The arrival of a new year is often met with a mix of anticipation and excitement, as it brings a sense of renewal, fresh opportunities, and the promise of new beginnings. Many of us set ambitious resolutions, eager to make positive changes in our lives. However, this sense of possibility can also be overwhelming, as the pressure to start fresh and improve various aspects of life can create stress and uncertainty. To help navigate these feelings and approach the new year with clarity and calm, we've gathered four science-backed tips from leading wellness experts. These strategies are designed to ground you, and promote a sense of balance and focus, allowing you to move into the new year with confidence and resilience.
1. Get outside + ground
Nature has a profound calming effect on the mind and body. Spending time outdoors reduces stress, boosts mental clarity, and improves mood. Dr. Peter Attia, a longevity expert and author of Outlive, highlights that walking in nature lowers activity in the brain’s stress response center.1 Step outside, place your bare feet on the grass or sand, take three intentional breaths, and notice the shift in your mind and body.
2. Move your body
Physical activity is one of the best ways to improve your mood and relieve stress. Research emphasized by Dr. Rhonda Patrick, a Ph.D. in biomedical science and expert on aging and healthspan, shows that just 10 minutes of vigorous exercise enhances brain function and cognitive abilities.2 For added benefits, incorporate yoga or tai chi, as Dr. Mark Hyman, a functional medicine pioneer and bestselling author, notes these practices can actively reduce stress and promote relaxation.3
3. Prioritize sleep
Sleep is essential for mental clarity and stress management.
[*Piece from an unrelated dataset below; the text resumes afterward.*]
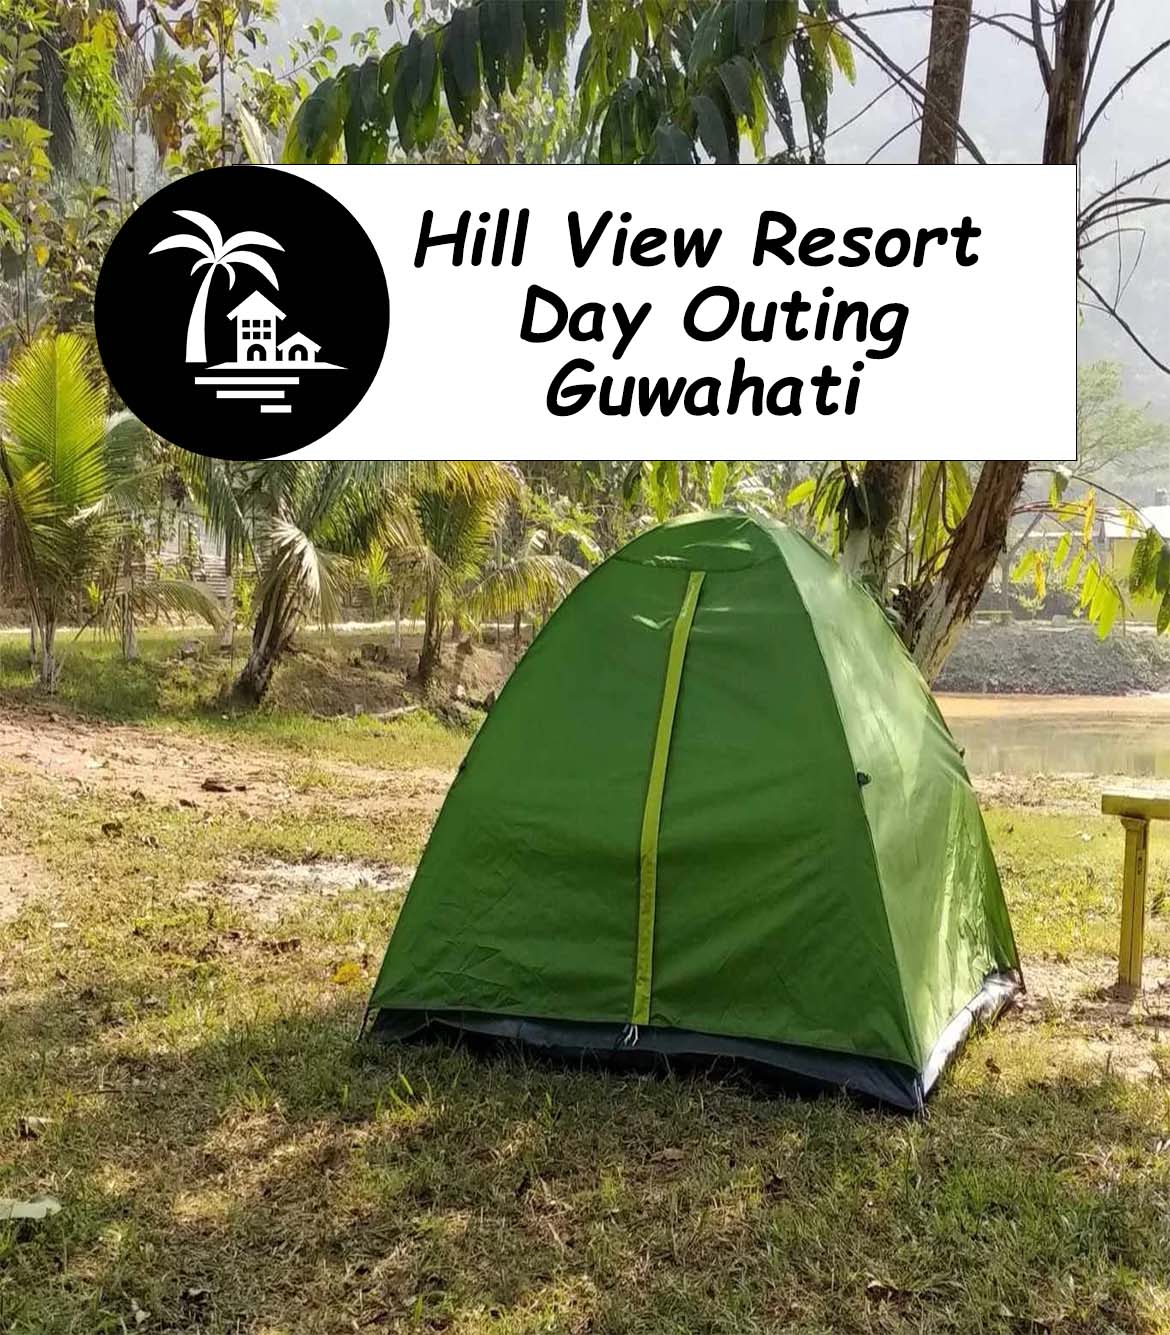 Hill View Resort Day Outing Guwahati

Dr. Mark Hyman advises keeping your bedroom cool, as heat disrupts restorative sleep stages like REM. Aim for 7–9 hours of quality rest by creating a calming bedtime routine, which might include diaphragmatic breathing.4 Dr. Daniel Amen, a psychiatrist and brain health expert, recommends this technique—inhale deeply for four seconds, hold for one second, and exhale for eight seconds—to activate the relaxation response and prepare your body for rest.5
4. Stay social
Building meaningful connections with loved ones is key to reducing stress. Dr. Julianne Holt-Lunstad, a professor of psychology and neuroscience at Brigham Young University, emphasizes that strong social ties can lead to longer, healthier lives. She suggests engaging in community activities or joining groups that align with your interests to foster a sense of belonging and support.6 Regular social interactions can enhance your well-being and provide a buffer against stress.